- **Stored data**:

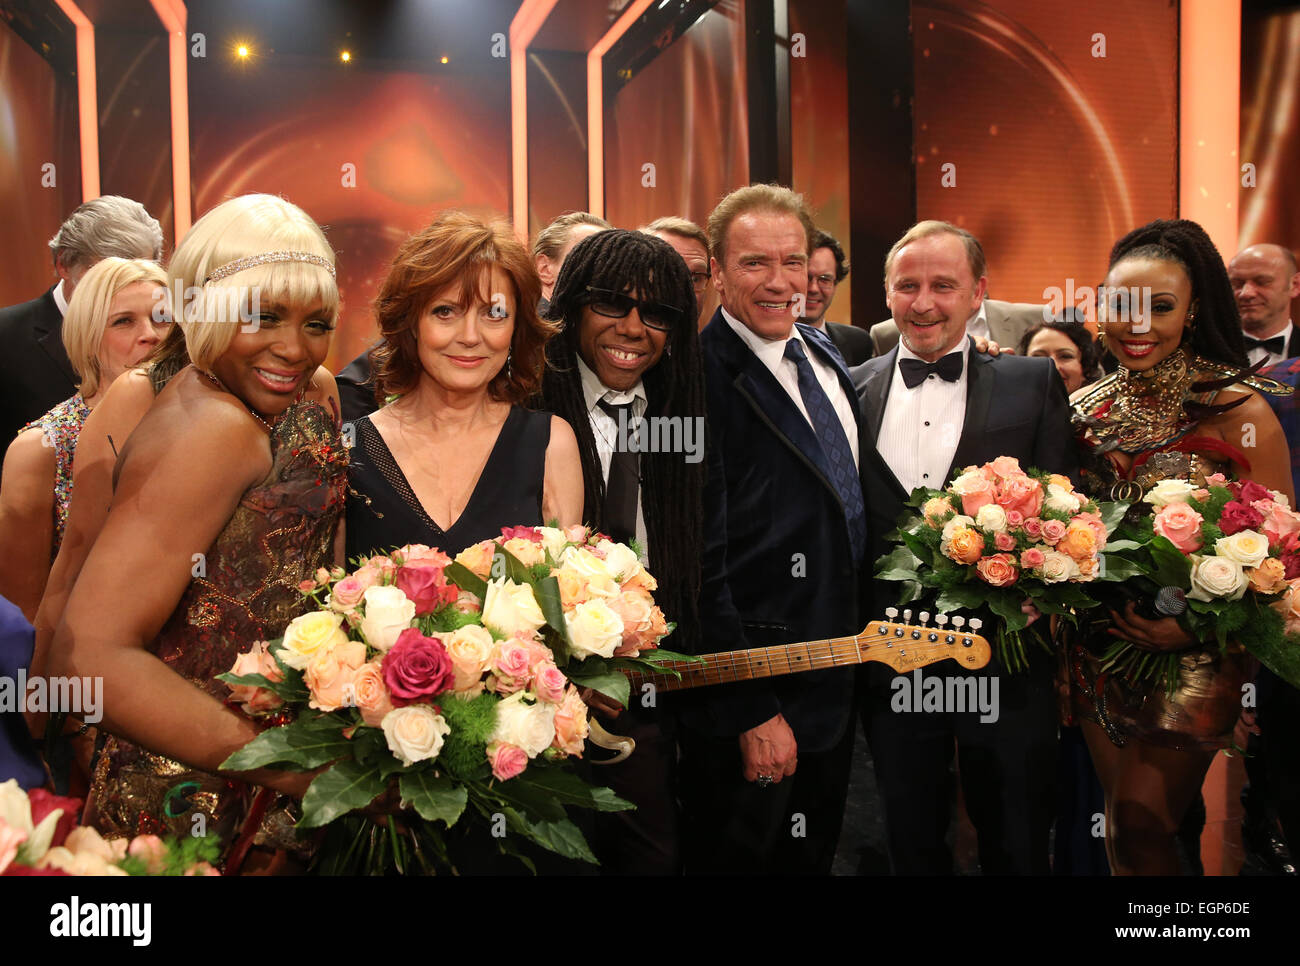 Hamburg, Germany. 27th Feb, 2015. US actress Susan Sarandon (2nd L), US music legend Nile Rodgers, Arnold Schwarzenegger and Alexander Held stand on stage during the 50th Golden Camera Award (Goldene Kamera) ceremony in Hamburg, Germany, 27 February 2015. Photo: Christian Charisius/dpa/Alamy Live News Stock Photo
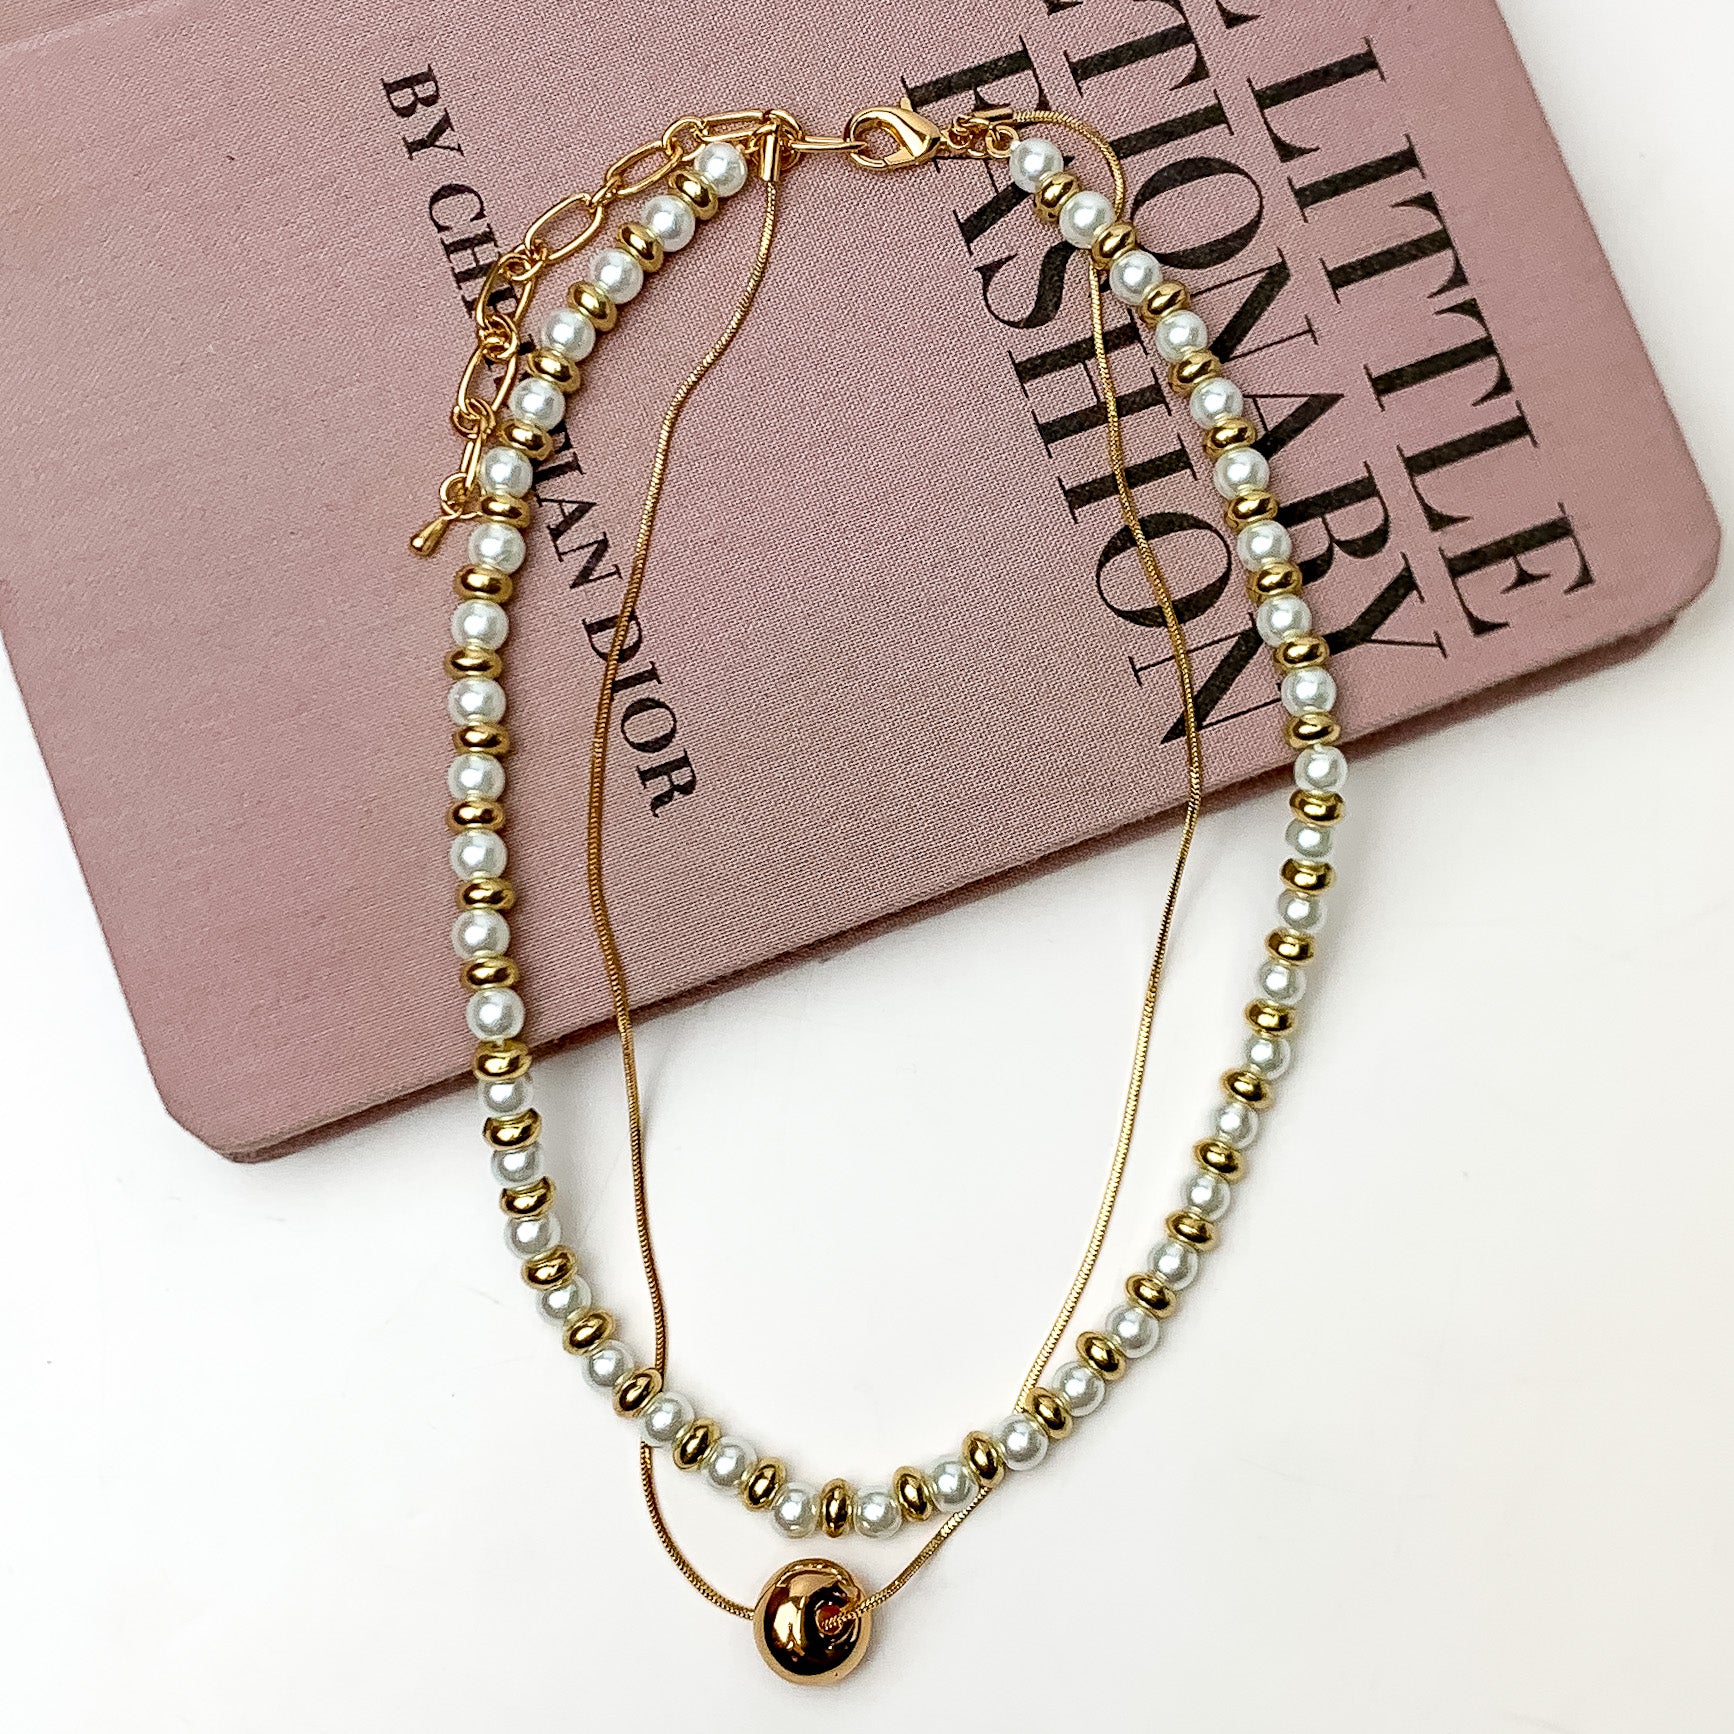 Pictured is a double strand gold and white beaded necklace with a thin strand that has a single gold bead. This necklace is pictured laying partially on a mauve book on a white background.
--
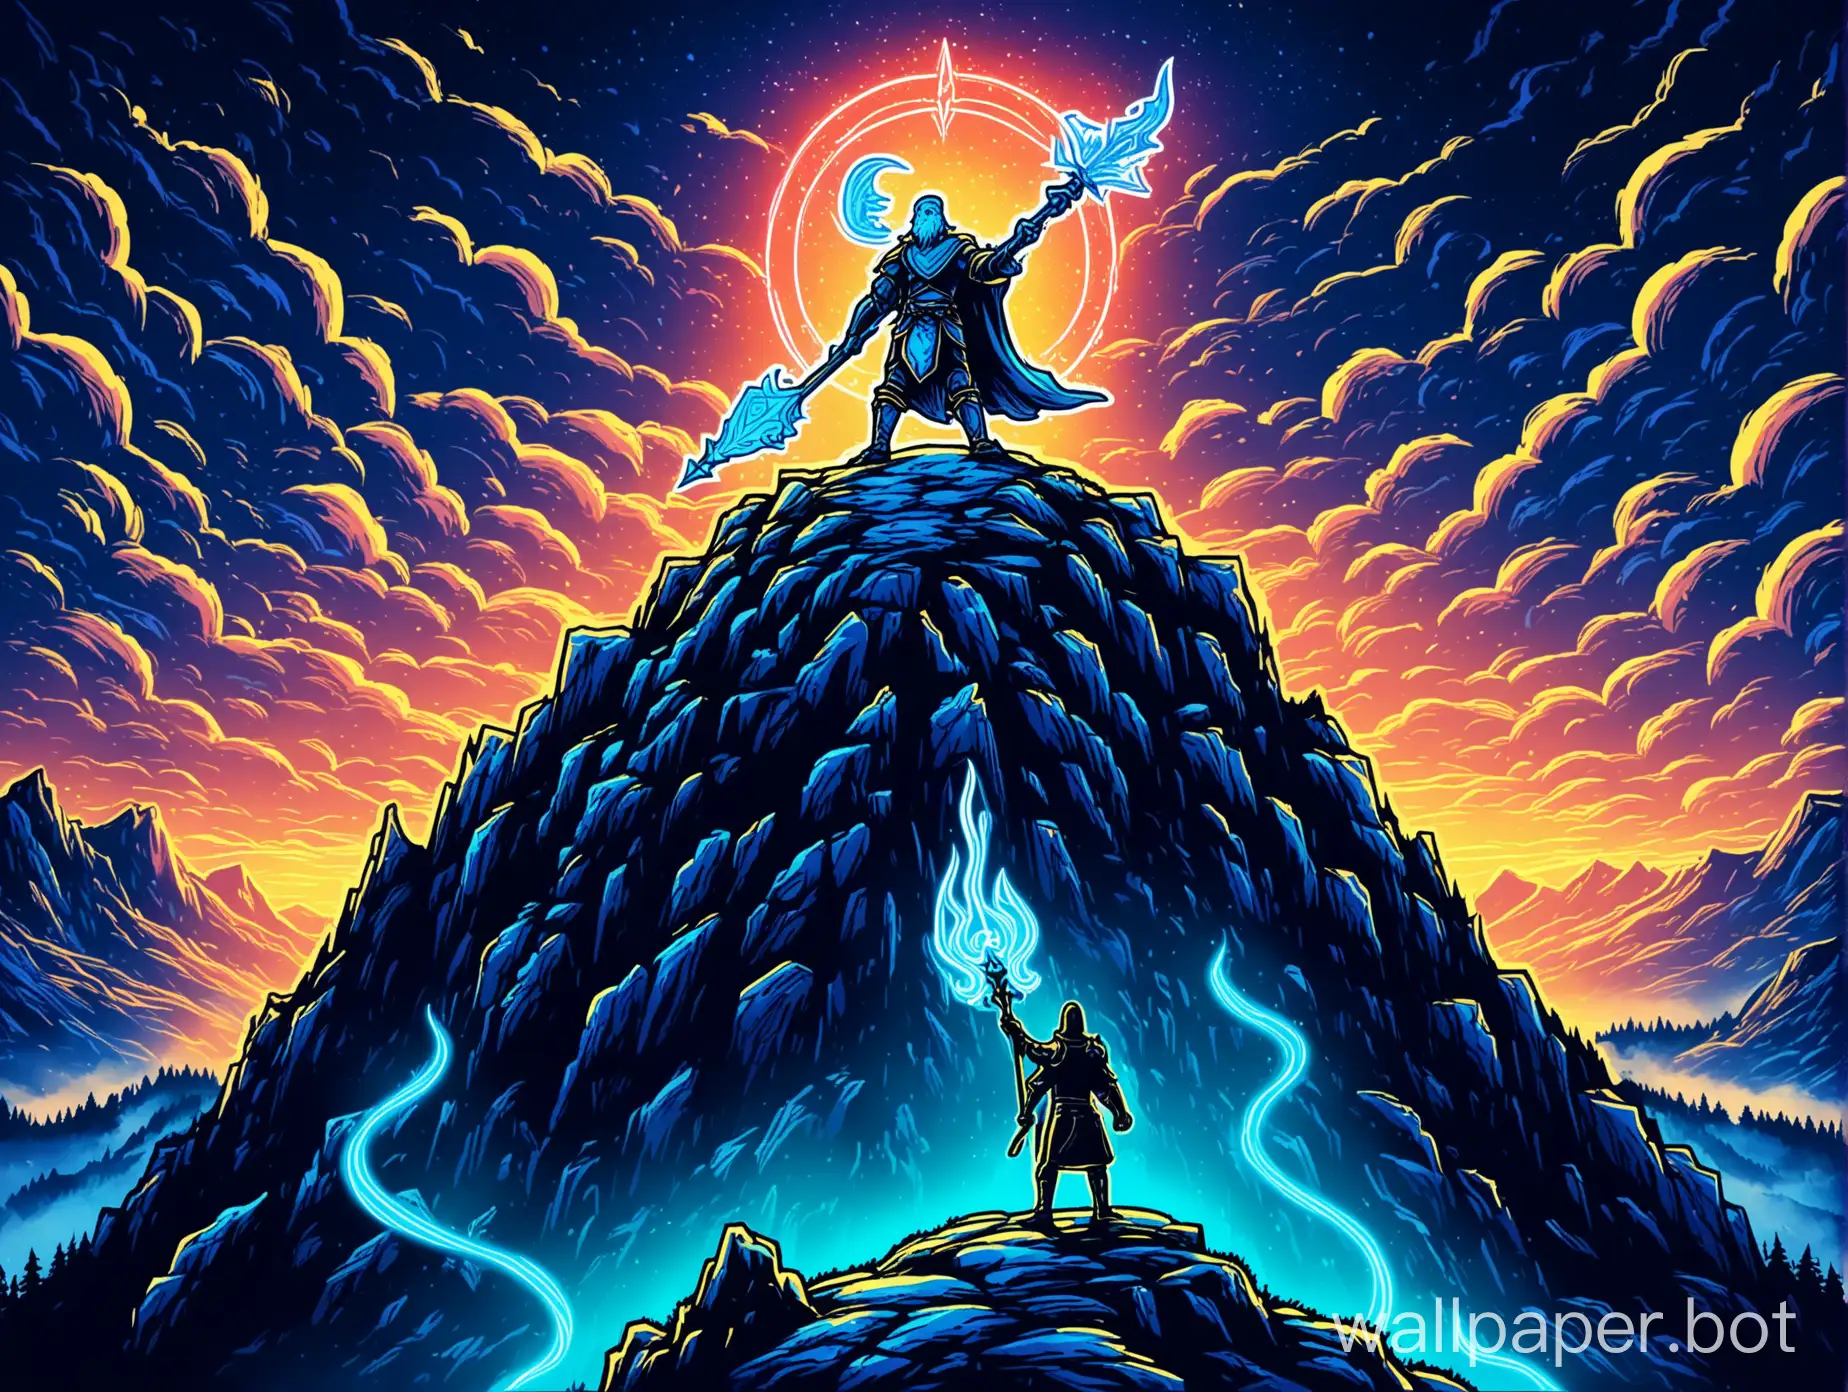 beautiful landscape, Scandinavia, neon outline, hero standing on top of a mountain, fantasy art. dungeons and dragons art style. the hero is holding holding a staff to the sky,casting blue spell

- **Work instructions**:
For this exercise, please set down exactly the lines of the listing above from the line with "Hamburg, Germany. 27th" up to and including the line with "Pictured is a", and no pictures.

- **Solution for this problem**:
 Hamburg, Germany. 27th Feb, 2015. US actress Susan Sarandon (2nd L), US music legend Nile Rodgers, Arnold Schwarzenegger and Alexander Held stand on stage during the 50th Golden Camera Award (Goldene Kamera) ceremony in Hamburg, Germany, 27 February 2015. Photo: Christian Charisius/dpa/Alamy Live News Stock Photo
 Pictured is a double strand gold and white beaded necklace with a thin strand that has a single gold bead. This necklace is pictured laying partially on a mauve book on a white background.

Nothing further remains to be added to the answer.